An increasing number of field developments in Norwegian waters are marginal, with the economics limited by reservoir deliverability and requiring optimum well productivity unaffected by formation damage. This paper presents a case history from an ongoing development in low-permeable, highly challenging reservoirs. The 150 °C downhole temperatures, well geometry restrictions imposed by the subsea development, and the use of non-perforated completions place additional constraints on fluid design. The focus of the paper is on formation damage studies and the identification of performance-critical drilling fluid parameters. The development of representative laboratory methods is discussed and uncertainties evaluated. The joint study highlights the importance of using a range of field and lab mud preparations and working in an open interactive manner for fluid development, evaluation and testing. Combining field and laboratory test results was a critical part of the effort.

Initial mud exposure tests on reservoir core samples indicated that an otherwise qualified HTHP oil-based drilling fluid could cause severe formation damage in this particular reservoir. This was quite unexpected, as the fluid in question has been used to drill highly productive wells in other fields. Similar damage was observed on field and laboratory mud samples. Parallel work showed selected water-based fluids to also be damaging with no other decisive advantages. A systematic program of reformulating the HPHT OBM was undertaken. First, each auxiliary system component was replaced, and the effect on formation damage measured. These changes were insufficient to remove the damage potential of the original fluid. Therefore, an alternative emulsifier pack-age was selected and used as the basis for designing a novel system. Core tests on lab formulations of the novel system indicated greatly reduced formation damage potential.

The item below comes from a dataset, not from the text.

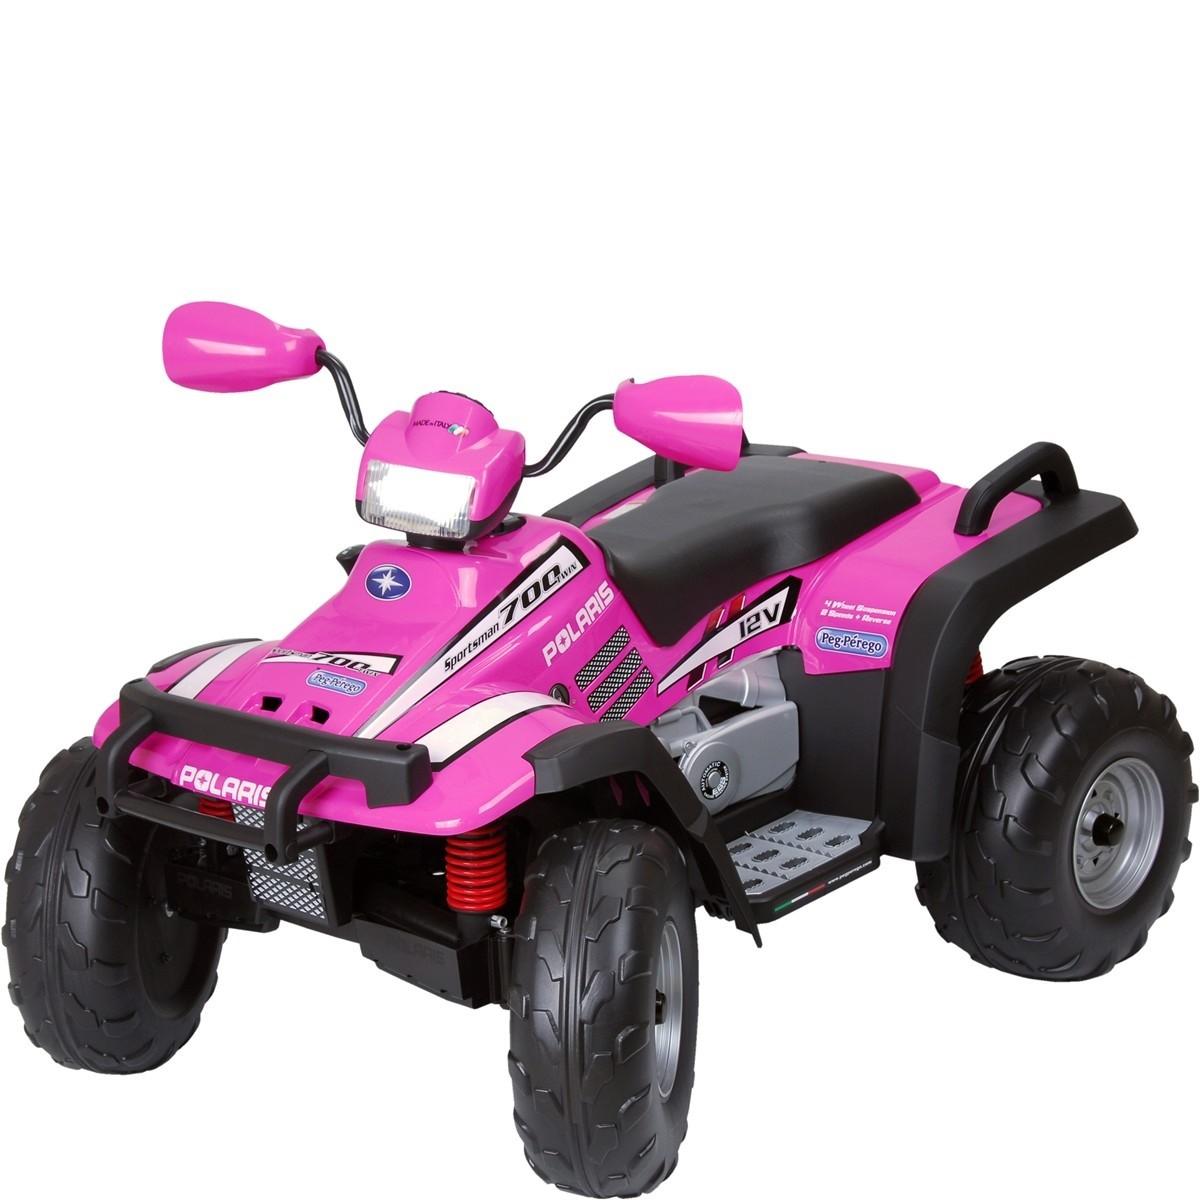 Quadriciclo Polaris Sportsman Pink - 12V

A field trial was immediately carried out to validate the novel system and showed good production potential with low skin damage. A repeat test in another well confirmed this observation. The field trials were designed to capture any changes in field fluid behavior that could be detrimental to well productivity. Drilling-fluid samples were collected at regular intervals and characterised for standard properties, filtration, particle sizing and formation damage. Supporting research, using powerful experimental tools such as ESEM, and pore-size analysis of reservoir cores gave added value. Surprising core-test results led to the identification of flaws in the lab test protocols affecting the saturations before and after mud exposure. By redefining the core-test procedures and correlating all the lab results, conclusions were obtained that were in agreement with the good field performance of the novel fluid and new knowledge was gained about the mechanisms of formation damage.